Она особо тщательно выложила кудряшки на лбу, подвела брови, но крепче всего она уповала на свои блестящие, как зеркало, полусапожки.
Чтобы они, избави бог, не остались кем-нибудь не замеченными, Фроська время от времени подгибала ногу, поворачивала ее то носком, то каблуком, то боком и долго, старательно поправляла серебряную застежку-молнию.
В комнате было шумно и весело. Алеша повесил на стенку план колхоза, наскоро начерченный им по просьбе Андрея. На плане были и поля севооборотов, и будущий ток, и еще не существующие новые фермы.
Вошли Андрей и Василий. Все сразу притихли. Оба они были свежевыбритые, у обоих блестели на груди радуги орденских ленточек. Оба были подтянуты, точны в движениях, и приятно было глядеть на них. Белокурый, маленький, плотный и стремительный Андрей, с открытым лицом, с особой, энергичной, одному ему свойственной манерой держаться, шел впереди. За ним шагал тяжеловесный черный Василий, нагнув упрямую голову, пряча в чаще бровей и ресниц горячие тоскливые глаза.
Василия мучил последний вопрос повестки дня. Последним вопросом стояло освобождение Кузьмы Бортникова от работы мельника. Василий договорился с отцом, что он отходит от работы якобы из-за болезни. Несколько раз за день Василия подмывало рассказать обо всем секретарю, но дело было слишком тяжелое. Василий так и не решился поговорить начистоту, и теперь его томила и это молчание, и сознание половинчатости своих действий, и жалость к отцу.
Василий подошел к столу и принялся усердно звонить в колокольчик. Обычно эта процедура, напоминавшая собрание в районе и в области, придавала в его глазах собранию, на котором он председательствовал, солидность и доставляла ему удовольствие. Колокольчик специально для этой цели был снят с колхозной коровы Беглянки.
Василий звонил долго. Собравшиеся терпеливо слушали, а старый пастух Марефий Райский беспокойно оглядывался по сторонам. Ему все казалось, что Беглянка отбилась от стада, что надо идти ее разыскивать.
Когда присутствующие окончательно утихомирились, Василий открыл собрание.
— Товарищи! — сказал он, — Весна на пороге! И не про ту весну говорю я, что там, за стенами, — кивком головы он указал на окно, — a прo ту весну, что идет в наш колхоз отсюда, с этого газетного листа. — Он положил ладонь на газету: — Слово для доклада о решениях февральского Пленума предоставляется первому секретарю райкома товарищу Стрельцову.
Андрей встал и шагнул вперед. Потоки солнечного света ударили в лицо, но он не отошел, а только прищурил поволоченные солнцем светлые ресницы.
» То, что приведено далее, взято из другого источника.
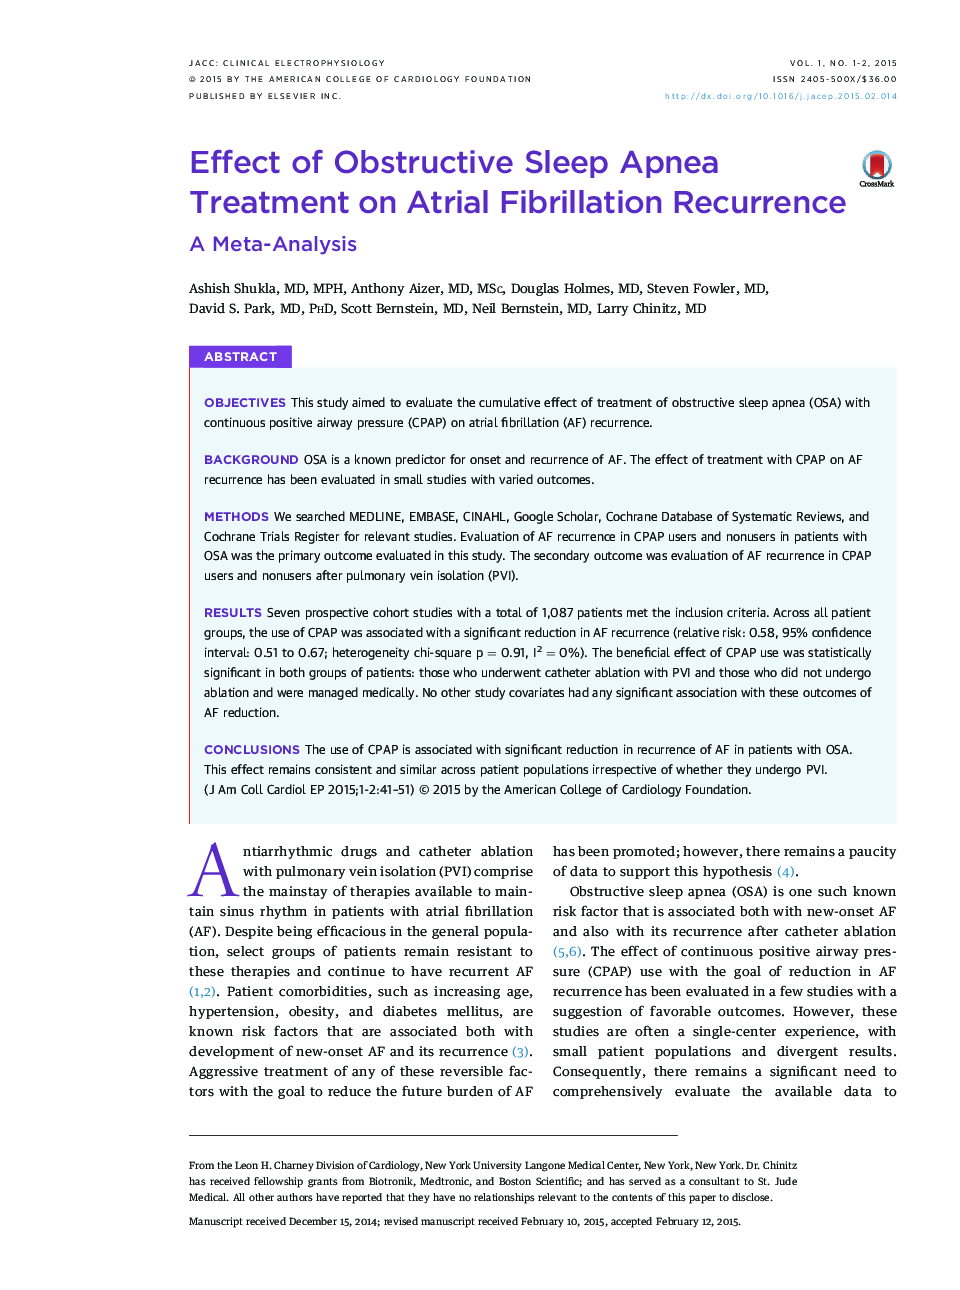 Effect of Obstructive Sleep Apnea Treatment on Atrial Fibrillation Recurrence : A Meta-Analysis

Маленький, светловолосый, с ног до головы залитый солнцем, он казался совсем молодым.
Он говорил негромко, просто и раздумчиво, словно не доклад делал, а, присев на завалинку, беседовал с друзьями.
— Все ли здесь понимают, товарищи, какому стремительному подъему сельского хозяйства после войны положил начало февральский Пленум? Все ли ясно представляют, что будет в стране через несколько лет? Все ли представляют, что будет в нашем колхозе через три-четыре года? Плохой ваш колхоз, один во всем районе такой. Но в том-то и сила наша, что очень быстро сумеем мы вывести колхоз из прорыва, если дружно возьмемся за работу.
Как о чем-то близком и несомненном, он говорил об урожаях в двадцать-тридцать центнеров, о высокопродуктивных животных, об электрификации многих работ, о радиофикации всего колхоза. Первомайцам с трудом верилось в быстроту и разительность близких перемен, но секретарь тут же рассказывал о снятии с колхоза задолженности, о семенной ссуде, о тоннах удобрений, отпущенных в кредит, о лучшей трактористке района Насте Огородниковой, прикрепленной к Первомайскому колхозу, о новых производителях, которых должны привезти из племенного совхоза, о работах по залужению поймы, в которых обещала помочь МТС, о втором генераторе, добытом для электростанции.
Он показывал цель и короткими зарубками намечал ступени к этой цели. С каждым его словом будущее становилось ближе и достоверней.
— Район поможет вам, но главная ваша сила в вас самих, — говорил он. — Живы и в вашем колхозе те силы, которые с чудесной быстротой поднимают из пепла сожженные города Украины и Белоруссии, которые ведут страну к победам.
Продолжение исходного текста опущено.